Of the babies diagnosed with SCID, 48 received immunity-restoring therapies, including hematopoietic cell transplants, gene correction of IL2RG and ADA defects, or adenosine deaminase enzyme injection therapy. Overall, 87% of SCID babies survived, including 92% of those who were treated.
Fasting Not Necessary for Lipid Test Measurements
New research casts doubt on the long-standing practice of collecting fasting blood samples for lipid measurements, according to the authors (Circulation 2014;130:546–53). The investigators used samples collected and survey information taken between 1988–1994 for the National Health Examination and Nutrition Survey (NHANES) III. The researchers analyzed data from 16,161 NHANES-III participants, stratified it on the basis of participants’ fasting status at the time of phlebotomy, and followed the participants for a mean of 14 years.

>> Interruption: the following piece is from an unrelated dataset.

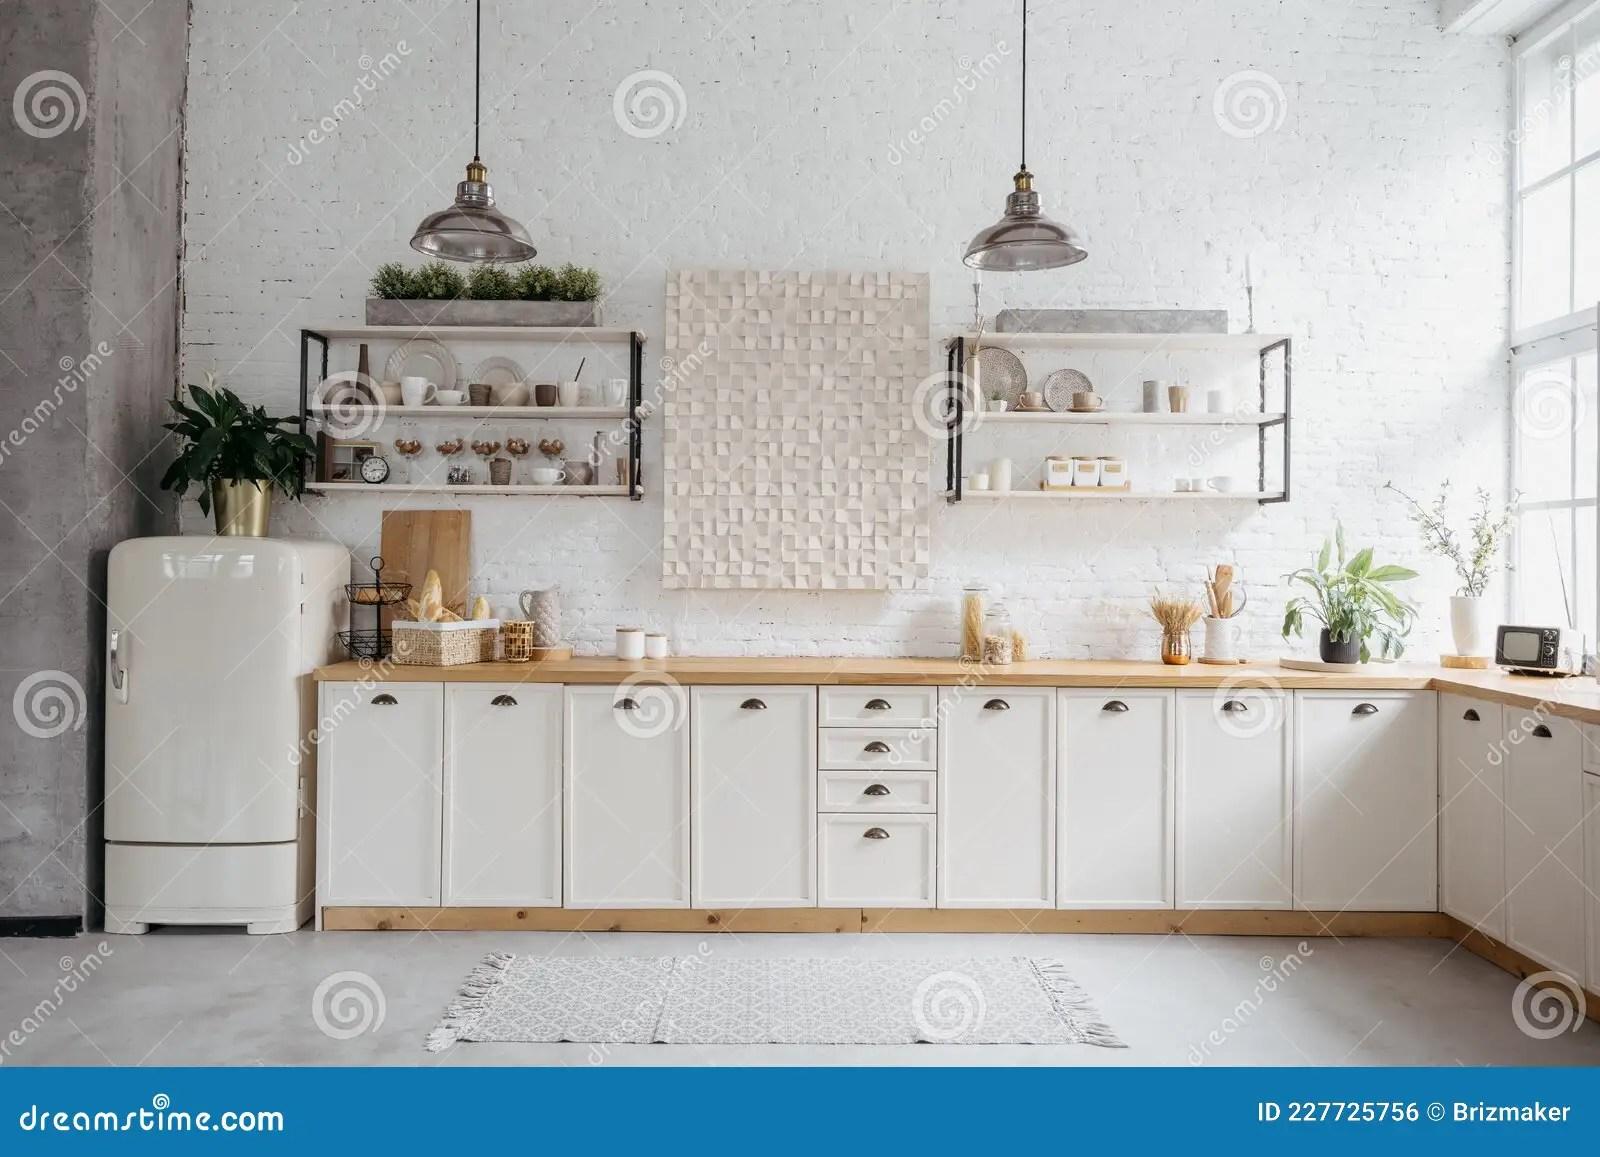 Il primo elemento distintivo di una cucina country chic sono i mobili. Rustic Kitchen Interior With White Brick Wall Stock Photo Image Of Copy House 227725756

They matched 4,299 pairs of participants based on fasting status of more or less than 8 hours, and conducted sensitivity analyses at 5, 10, and 15 years of follow-up to assess whether fasting status varied by length of follow-up. The authors also stratified participants by tertiles based on their low-density lipoprotein-cholesterol (LDL-C) levels, with those in the first tertile with LDL-C <100 mg/dL serving as the reference group.
In looking at the primary and secondary outcome measures of all-cause and cardiovascular mortality the authors found similar prognostic value associated with fasting LDL-C as with non-fasting LDL-C (all-cause mortality C-statistic 0.59 versus 0.58, respectively; cardiovascular mortality C-statistic 0.62 versus 0.62, respectively). The researchers saw similar results for triglyceride and total cholesterol measurements.
Based on these findings and in consideration of non-fasting LDL-C measurement being more convenient for patients, the authors called on national and international bodies to reconsider the need for fasting LDL-C sample collection.